Hon. Kelvin Kenneth Ogilvie, pursuant to notice of June 17, 2010, moved:

That the Standing Senate Committee on Social Affairs, Science and Technology be authorized to examine and report on Canada's pandemic preparedness;

That in particular the Committee be authorized to examine issues concerning Canada's past pandemic preparedness, lessons learned from the response to the 2009 pandemic virus (H1N1), the roles of all levels of government in pandemic preparedness, and Canada's future pandemic preparedness;

That the Committee's examination include processes and ethical issues related to pandemic preparedness;

That the Committee submit its final report no later than October 31, 2010, and that the Committee retain all powers necessary to publicize findings of the Committee until January 31, 2011.

He said: Honourable senators, this is an item that was referred to the Standing Senate Committee on Social Affairs, Science and Technology by the Minister of Health. We looked at the subject carefully and believe that this area is something the committee can help with. Perhaps, as a Senate, we can make a real contribution to Canadians on this important matter. I urge the adoption of this motion.

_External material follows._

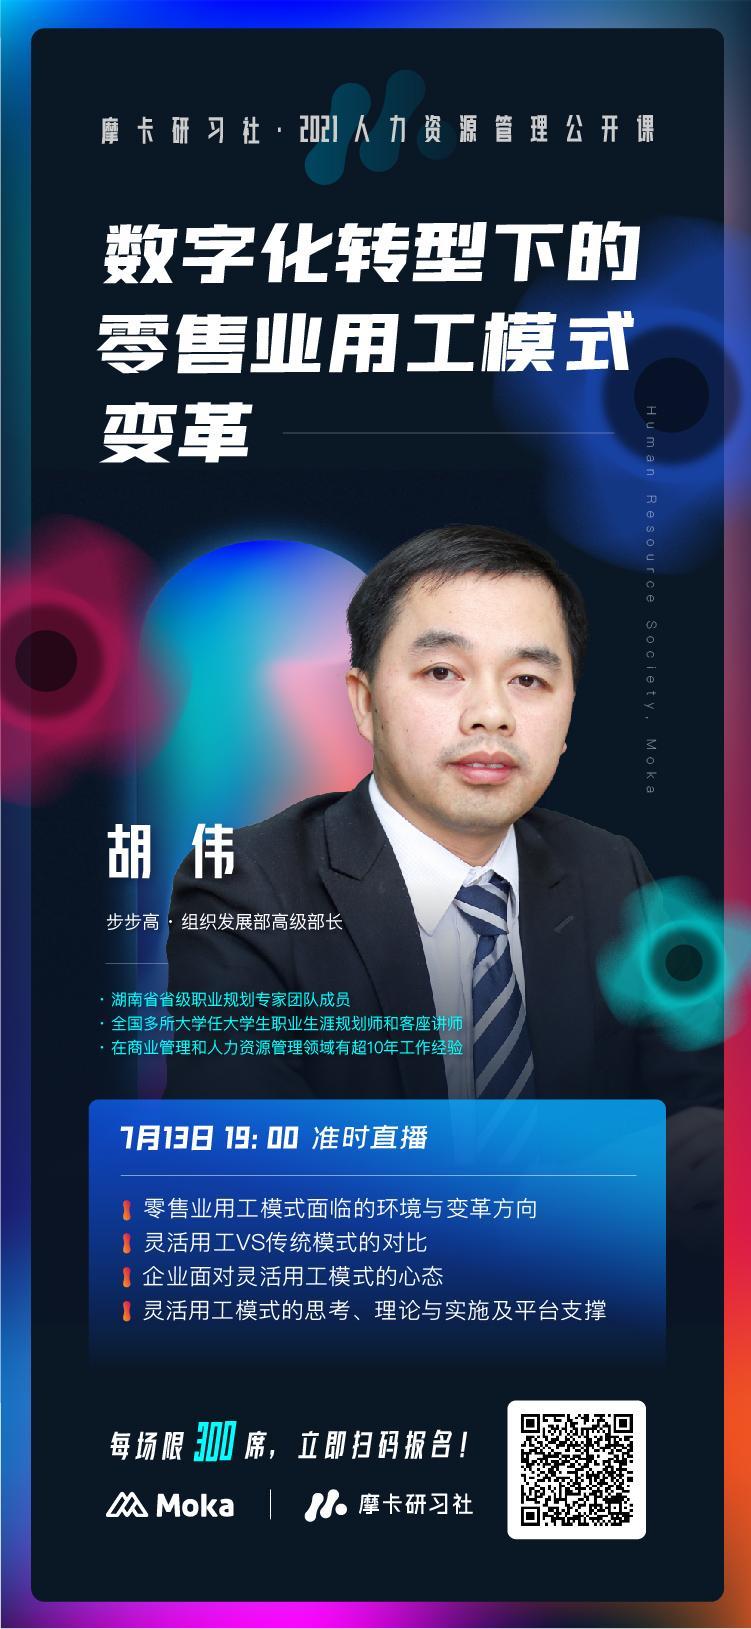 2021人力资源公开课海报_6月胡伟1_20210714043750.jpg

Hon. Art Eggleton: Honourable senators, I am in agreement with the honourable senator. Both Senator Ogilvie and I received a letter from the minister asking our committee to undertake this study. It is a tribute to the thoroughness of Senate committee studies that we be asked by the minister to give advice on this subject.

Pandemic preparedness is a key item before us in this country. We have had two experiences with H1N1, most recently, and SARS before that. This is a suitable time to have this kind of examination and be able to advise the minister accordingly on what we think is necessary to go forward. I am happy to second the motion to carry on with this study first thing in the fall.

The Hon. the Speaker pro tempore: Is it your pleasure, honourable senators, to adopt the motion?